The public interest and the employers' right to fire
FIRING an employee because he helped police investigate a fellow worker suspected of breaking the law constitutes a retaliatory discharge, the Illinois Supreme Court ruled 4-3 on April 17.

Stating that public policy favors "citizen crime-fighters," the court said, "The foundation of the tort of retaliatory discharge lies in the protection of public policy ..." The case, Ray Palmateer v. International Harvester, involved a manager who alleged he was fired because he agreed to assist in the investigation and trial of an employee suspected of violating the Criminal Code of 1961 (Ill. Rev. Stat. 1979, ch. 38, sec. 1 — 1 et seq.)

It is a general rule that "at-will" employment can be terminated at any time for any or no cause. The tort of retaliatory discharge, recognized in Illinois since 1978, is an exception to that rule. It holds that when the discharge of an employee contravenes public policy in any way, the employer has committed a legal wrong. However, the employer retains the right to fire workers at will in cases where no clear mandate to public policy is involved. The problem, of course, is in the definition of the term "public policy."

International Harvester said Palmateer "recklessly and precipitously" resorted to the criminal justice system, upsetting the work atmosphere. Justice Seymour Simon, however, in speaking for the majority, defended Palmateer's actions: "The cause of action [for retaliatory discharge] is allowed where the public policy is clear, but is denied where it is equally clear that only private interests are at stake. . . . There is no public policy more basic, nothing more implicit in the concept of ordered liberty than the enforcement of a State's criminal code."

Dissenting were Justices Robert C. Underwood, Thomas J. Moran and Howard C. Ryan, who said that public policy supporting "citizen crime-fighters" is not found in any statute. According to Ryan, who spoke for the minority, most jurisdictions "have required that public policy against such discharge be clear and well-defined, that the mandate of public policy be clear and compelling, and that there be strong public policy against such discharge."

In this case, Ryan said, Palmateer "had taken it upon himself to become involved in crime fighting when it was neither required by law, nor by his employment, and obviously was against the wishes of his employer."

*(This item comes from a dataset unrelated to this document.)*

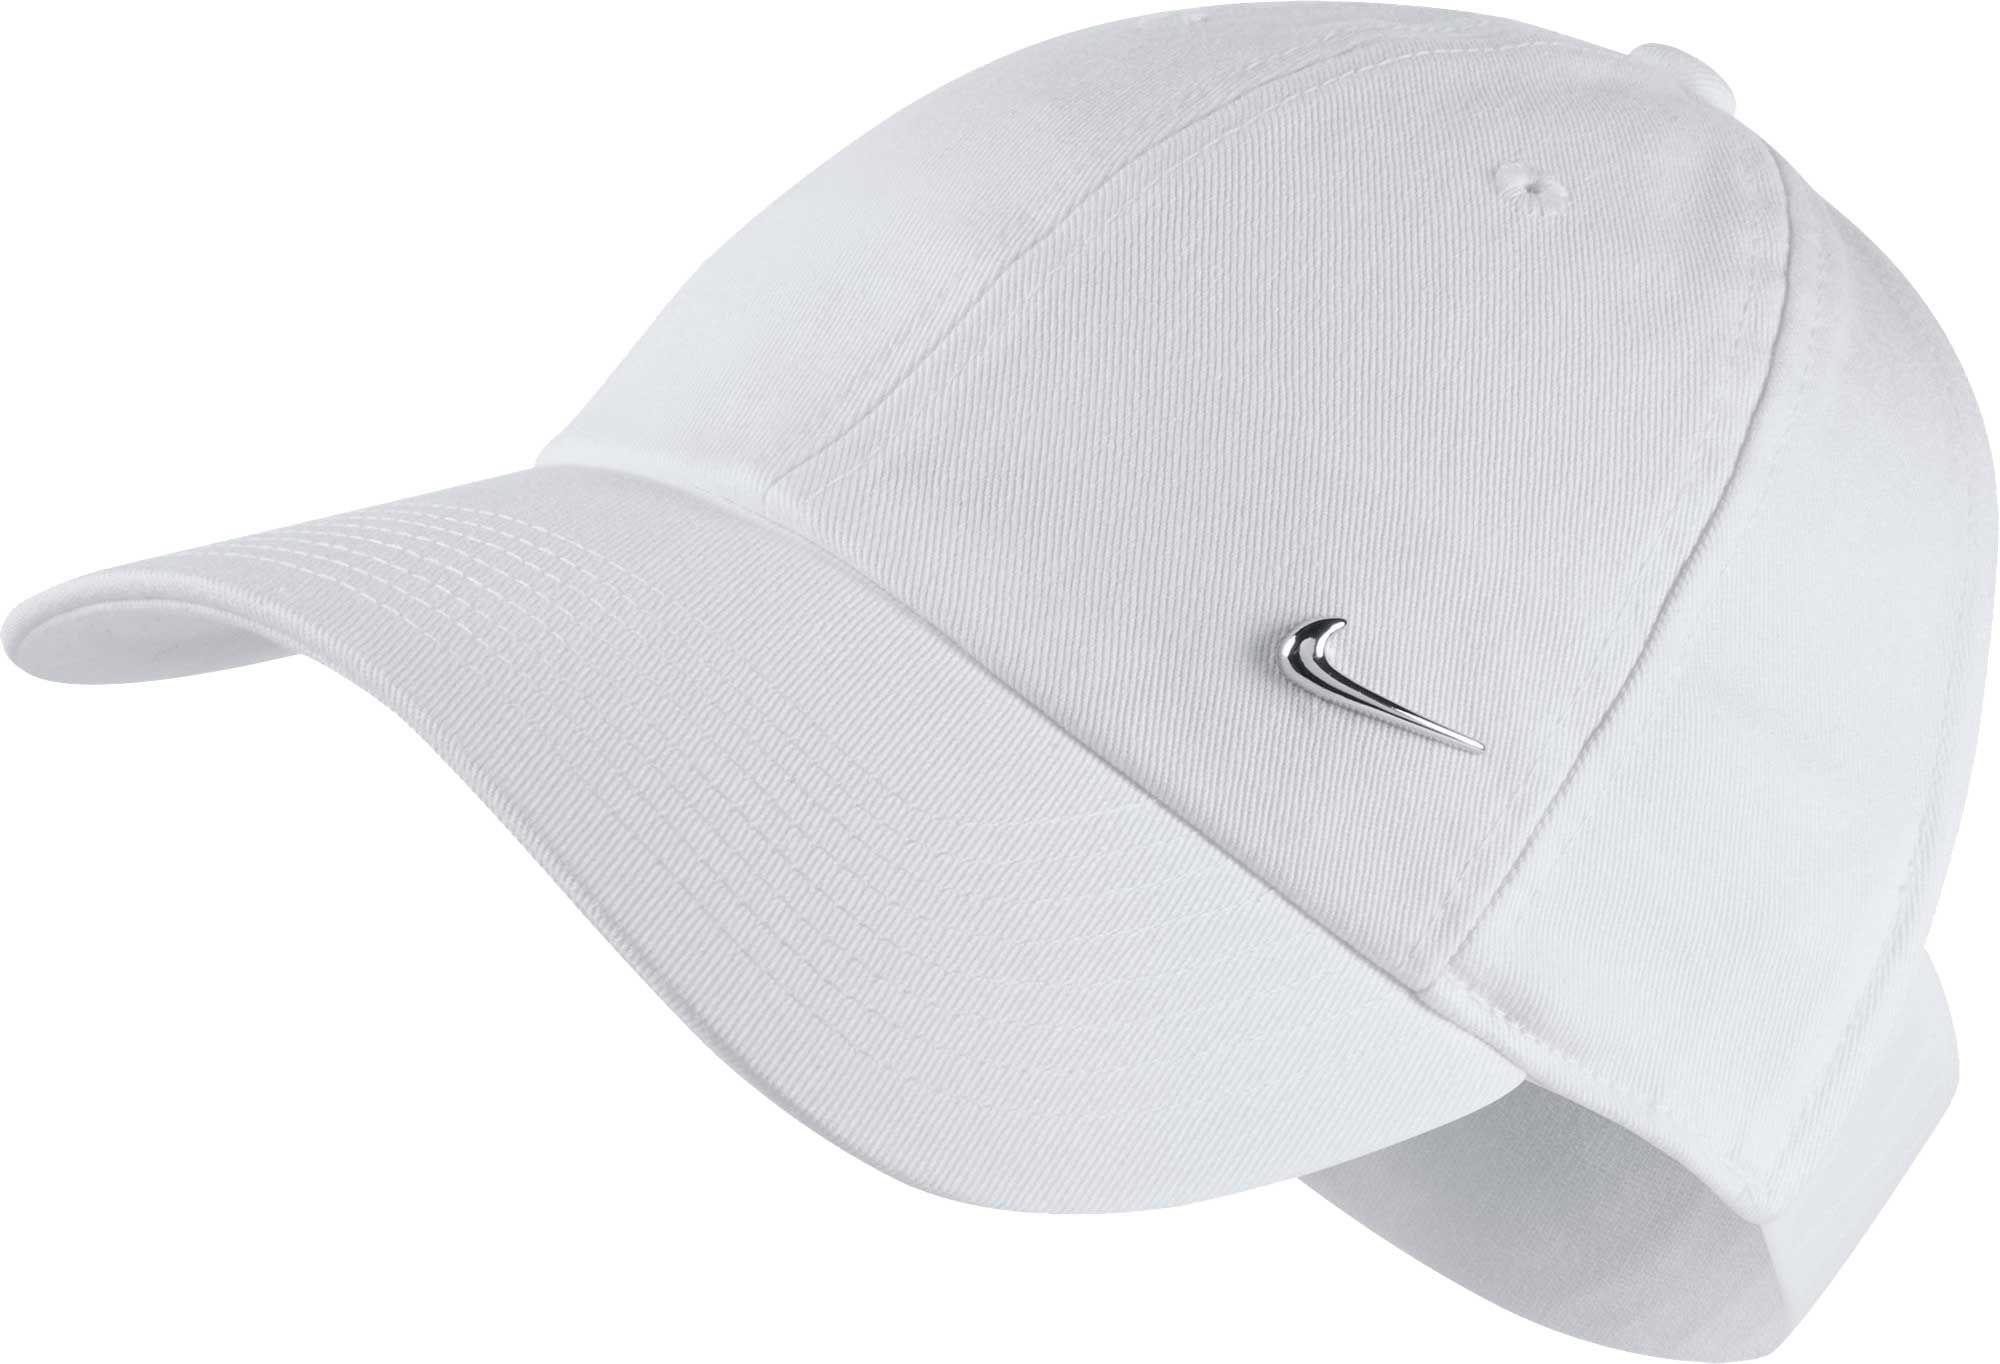 91eda717040e6 good image of nike aerobill running cap 49c8d 59ce0  new arrivals lyst nike  sportswear open back visor hat in white 2b6c8 df88e

Comparative negligence and contributory negligence
THE STANDARD of comparative negligence in common law cases was adopted over contributory negligence by the Illinois Supreme Court in a 5-2 decision April 17.

Under the "pure" comparative negligence system adopted by the court, persons involved in a negligence lawsuit are liable for damages in proportion to the percentage at which they were at fault in the accident. Under the contributory negligence system, which Illinois has used for nearly 100 years, the person bringing the suit is unable to collect any damages for his injuries if he contributed to the accident in any degree.

In the consolidated cases, James Alvis v. James Ribar et al. and Karin Krohn v. Abbott Laboratories, Inc., both involving automobile accidents, the court noted that the "contributory negligence defense has been subject to attack because of its failure to apportion damages according to the fault of the parties." The court added that there is "a compelling public demand to abolish the old rule."

"Under a comparative negligence standard, the parties are allowed to recover the proportion of damages not attributable to their own fault," Justice Thomas J. Moran said, in speaking for the majority. He said, "The basic logic and fairness of such apportionment is difficult to dispute."

Pointing out that 36 states have adopted some form of the comparative negligence system, Moran rejected the claims of the Ribar and Abbott Laboratories that adoption of the system would lead to difficulty in apportioning relative fault, overcrowded dockets and escalating insurance costs.

In the dissenting opinion, Justices Robert C. Underwood and Howard C. Ryan said the decision to adopt comparative negligence "is best left to the General Assembly."

"One of the major problems with a judicially decreed change of this magnitude is its effect upon a great many other, related areas of law," Underwood said. "Unless the legislature acts, it will in all probability be years before these questions can be judicially answered."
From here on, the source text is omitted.